Operating Agents in Production¶

This guide provides best practices for deploying Strands agents in production environments, focusing on security, stability, and performance optimization.

Production Configuration¶

When transitioning from development to production, it's essential to configure your agents for optimal performance, security, and reliability. The following sections outline key considerations and recommended settings.

Agent Initialization¶

For production deployments, initialize your agents with explicit configurations tailored to your production requirements rather than relying on defaults.

Model configuration¶

For example, passing in models with specific configuration properties:

agent_model = BedrockModel(
    model_id="us.amazon.nova-premier-v1:0",
    temperature=0.3,
    max_tokens=2000,
    top_p=0.8,
)

agent = Agent(model=agent_model)

See:

Tool Management¶

In production environments, it's critical to control which tools are available to your agent. You should:

Explicitly Specify Tools: Always provide an explicit list of tools rather than loading all available tools
Disable Automatic Tool Loading: For stability in production, disable automatic loading and reloading of tools
Audit Tool Usage: Regularly review which tools are being used and remove any that aren't necessary for your use case

agent = Agent(
    ...,
    # Explicitly specify tools
    tools=[weather_research, weather_analysis, summarizer],
    # Disable automatic tool loading in production
    load_tools_from_directory=False,
)

See Adding Tools to Agents and Auto reloading tools for more information.

Security Considerations¶

For production environments:

Tool Permissions: Review and restrict the permissions of each tool to follow the principle of least privilege
Input Validation: Always validate user inputs before passing to Strands Agents
Output Sanitization: Sanitize outputs for sensitive information. Consider leveraging guardrails as an automated mechanism.

Performance Optimization¶

Conversation Management¶

Optimize memory usage and context window management in production:

from strands import Agent
from strands.agent.conversation_manager import SlidingWindowConversationManager

# Configure conversation management for production
conversation_manager = SlidingWindowConversationManager(
    window_size=10,  # Limit history size
)

agent = Agent(
    ...,
    conversation_manager=conversation_manager
)

The SlidingWindowConversationManager helps prevent context window overflow exceptions by maintaining a reasonable conversation history size.
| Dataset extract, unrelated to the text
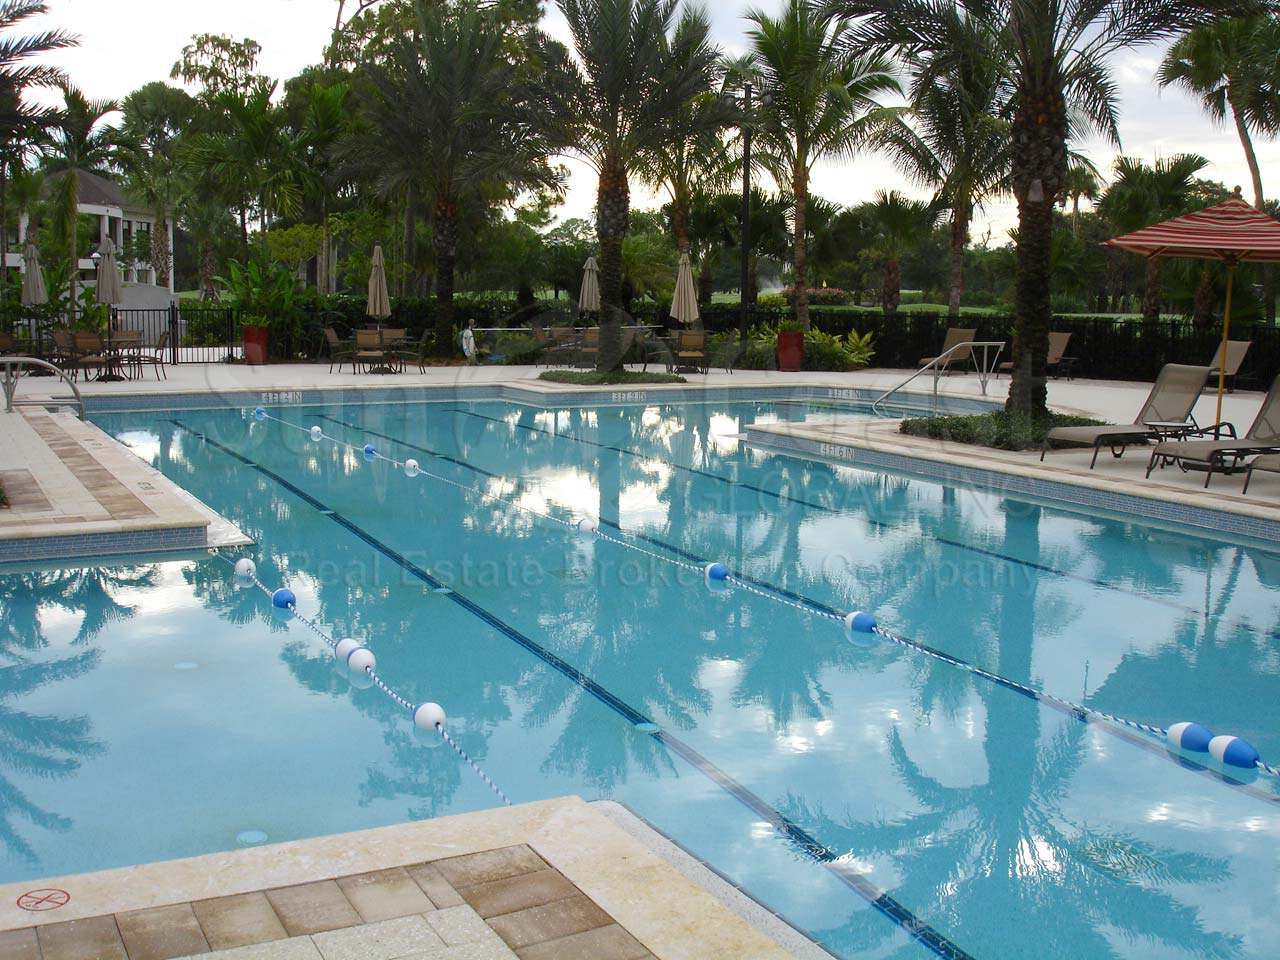 WYNDEMERE Golf and Country Club pool area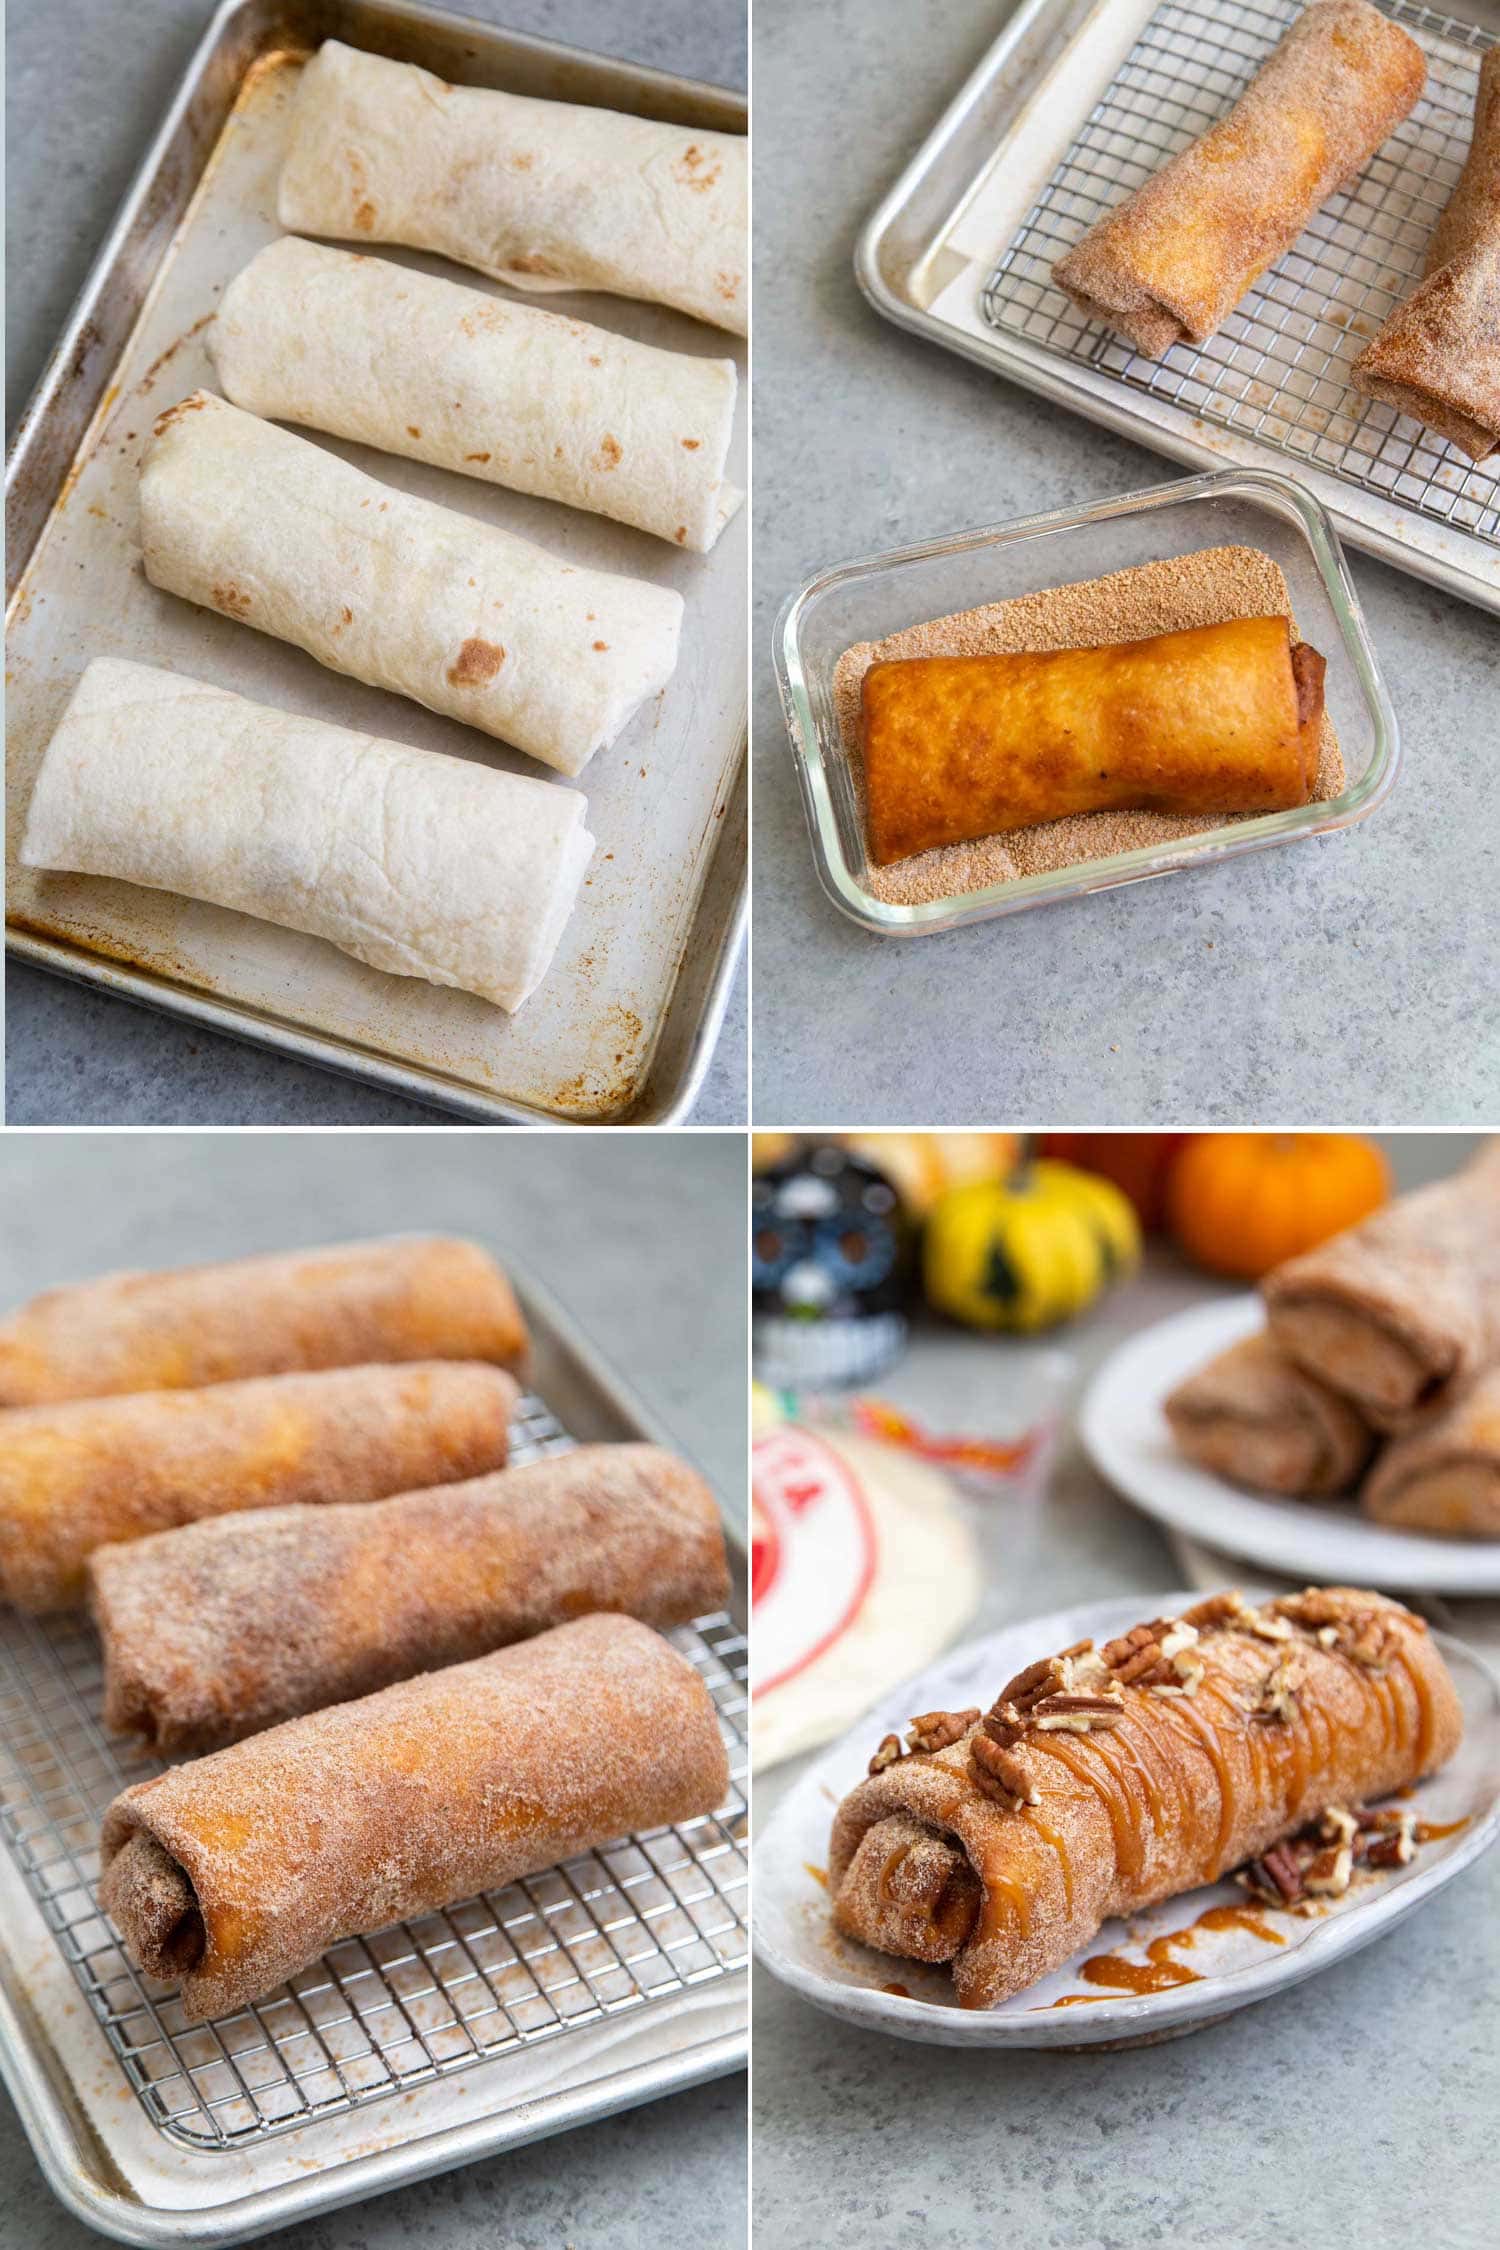 Pineapple Cheesecake Chimichangas. Crispy fried burritos filled with vanilla cream cheese and cinnamon spiced pineapple chunks. The dessert chimichangas are tossed in a sweet graham cracker powder.

Streaming for Responsiveness¶

For improved user experience in production applications, leverage streaming via stream_async() to deliver content to the caller as it's received, resulting in a lower-latency experience:

# For web applications
async def stream_agent_response(prompt):
    agent = Agent(...)

    ...

    async for event in agent.stream_async(prompt):
        if "data" in event:
            yield event["data"]

See Async Iterators for more information.

Parallelism Settings¶

Control parallelism for optimal resource utilization:

# Limit parallel tool execution based on your infrastructure capacity
agent = Agent(
    max_parallel_tools=4  # Adjust based on available resources
)

Error Handling¶

Implement robust error handling in production:

try:
    result = agent("Execute this task")
except Exception as e:
    # Log the error
    logger.error(f"Agent error: {str(e)}")
    # Implement appropriate fallback
    handle_agent_error(e)

Deployment Patterns¶

Strands agents can be deployed using various options from serverless to dedicated server machines.

Built-in guides are available for several AWS services:

AWS Lambda - Serverless option for short-lived agent interactions and batch processing with minimal infrastructure management. Learn more
AWS Fargate - Containerized deployment with streaming support, ideal for interactive applications requiring real-time responses or high concurrency. Learn more
Amazon EKS - Containerized deployment with streaming support, ideal for interactive applications requiring real-time responses or high concurrency. Learn more
Amazon EC2 - Maximum control and flexibility for high-volume applications or specialized infrastructure requirements. Learn more

Monitoring and Observability¶

For production deployments, implement comprehensive monitoring:

Tool Execution Metrics: Monitor execution time and error rates for each tool
Token Usage: Track token consumption for cost optimization
Response Times: Monitor end-to-end response times
Error Rates: Track and alert on agent errors

Consider integrating with AWS CloudWatch for metrics collection and alerting.

See Observability for more information.

Summary¶

Operating Strands agents in production requires careful consideration of configuration, security, and performance optimization. By following the best practices outlined in this guide you can ensure your agents operate reliably and efficiently at scale. Choose the deployment pattern that best suits your application requirements, and implement appropriate error handling and observability measures to maintain operational excellence in your production environment.